Did she or didn’t she? That is the question. Her lawyer says she didn’t. Emphatically. The CIA says, according to the NY Times, she leaked but won’t say what or to whom:
Intelligence officials would not say whether they believed that Ms. McCarthy had been a source for a Pulitzer Prize-winning series of articles in The Washington Post about secret C.I.A. detention centers abroad. Media accounts have linked Ms. McCarthy’s firing to the articles, but the C.I.A. has never explicitly drawn such a connection.
This statement stands in bold contradiction to the first article the Times wrote on the subject, in which David Johnston and Scott Shane stated:
The Central Intelligence Agency has dismissed a senior career officer for disclosing classified information to reporters, including material for Pulitzer Prize-winning articles in The Washington Post about the agency’s secret overseas prisons for terror suspects, intelligence officials said Friday.
So why won’t the same “intelligence officials” who first said she blabbed about the prisons story stand by what they said earlier? It’s downright weird to me.

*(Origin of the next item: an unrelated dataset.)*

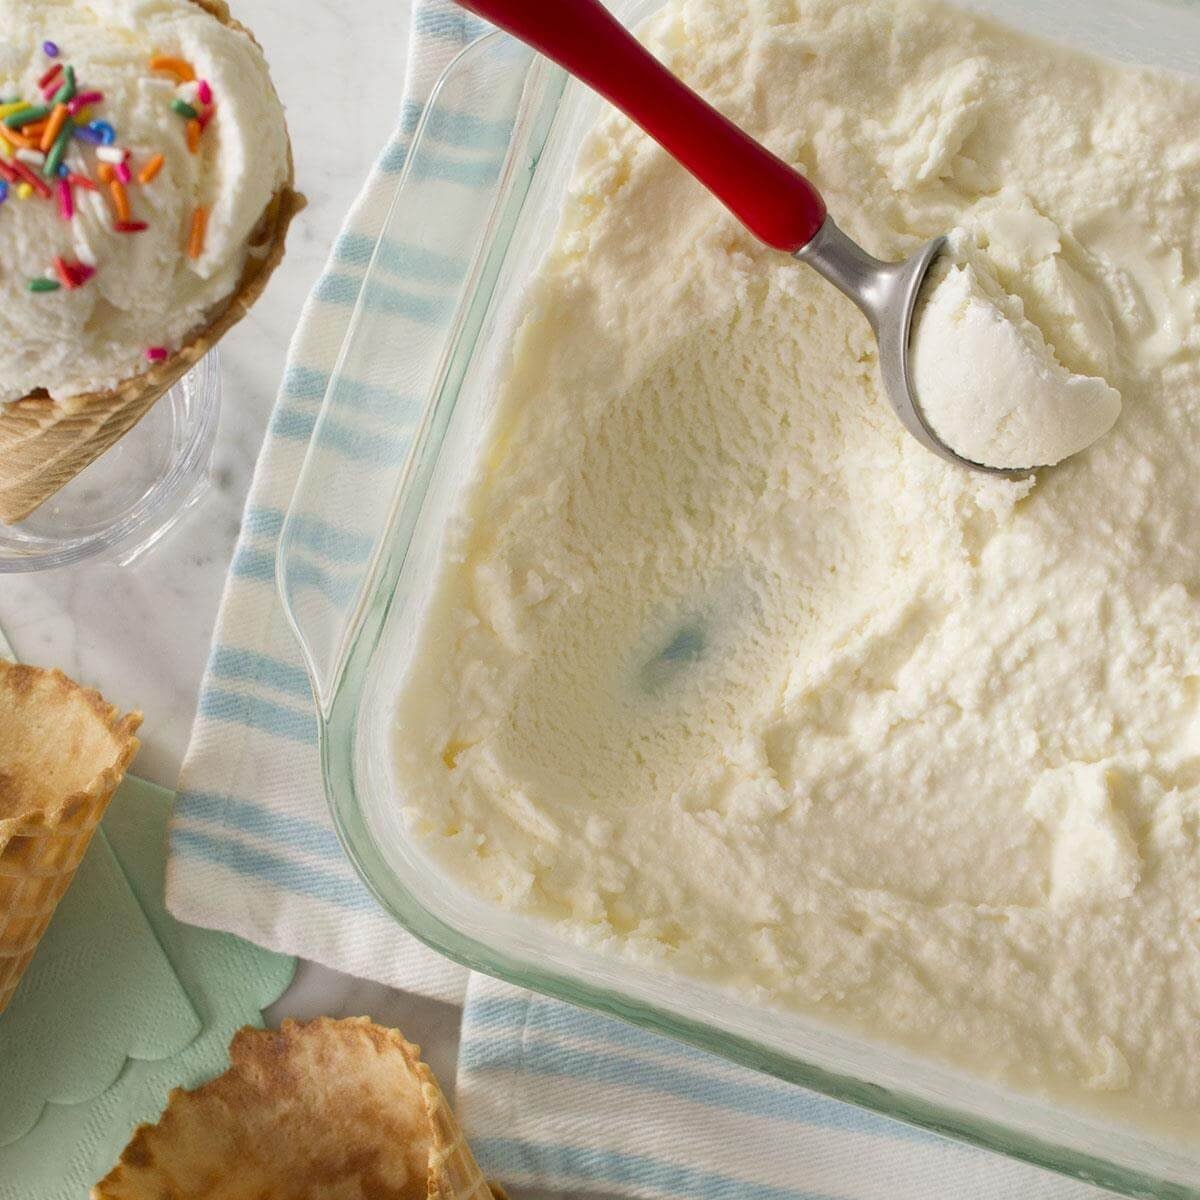 28 Gluten-Free Ice Creams, Slushes and Sorbets
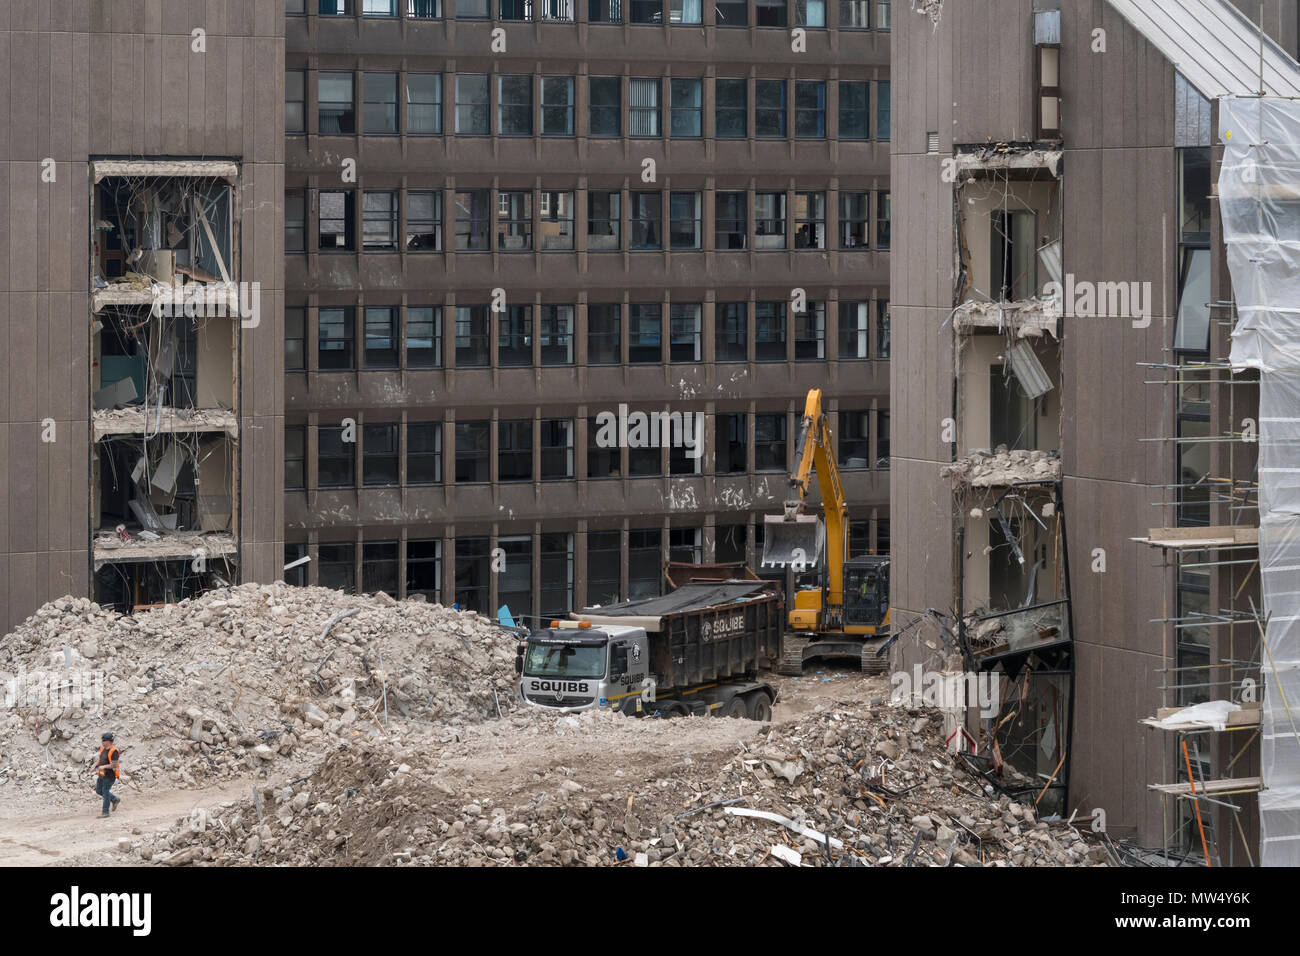 High view of demolition site debris - heavy machinery (excavator & dump truck) working & demolishing office building - Hudson House  York, England, UK. Stock Photo

So who’s right? Your guess is as good as mine. But there are a few questions that trouble me:
If Mary McCarthy did not leak this story and is innocent of the charges, then why did her lawyer say that she doesn’t plan to take legal action against the agency?
Yet Mr. Cobb said he did not believe that Ms. McCarthy, who has not spoken publicly since her dismissal, intended to fight her termination either in court or in the public arena.
“This is not somebody who’s hoping to make $20,000 a day on the lecture circuit,” Mr. Cobb said. “Going to war with the government is not high on her list.”
If your boss fired you for cause and the cause was non-existent wouldn’t you fight? When I asked my wife this question she replied: “Maybe she’s just sick and tired of working there and wants out.” Given that she plans in her next career to practice family law, that seems a good indication that she has had it with her career as an intelligence operative and wants to start over with something completely different. So it is possible that such motivation lies behind her lawyer’s statement. But I don’t find it completely convincing.
In other words, I believe a person wrongly terminated from a high-profile position–and whose firing will involve personal and professional vilification emanating from the highest echelons of government–would fight to retain their good name.
McCarthy’s firing was simply an on-going partisan purge of the CIA now run by Porter Goss a former Republican Congressman. It is really amazing how far this country as come in viewing things purely in terms of partisan politics and not what’s good for the country. In his blog that I linked to last week Larry Johnson reports that McCarthy donated $2000 to the Kerry campaign.
http://noquarter.typepad.com/my_weblog/2006/04/mccarthy_denies.html#more
The Post or NYT in one of the articles linked above says she donated $7,000 to Dems in the last 3 election cycles. It certainly does look like a purely partisan purge as, based on the CIA statements above in which they refuse even to link her directly as the source of the Post secret prisons story, her main ‘guilt’ would seem to be being a Dem.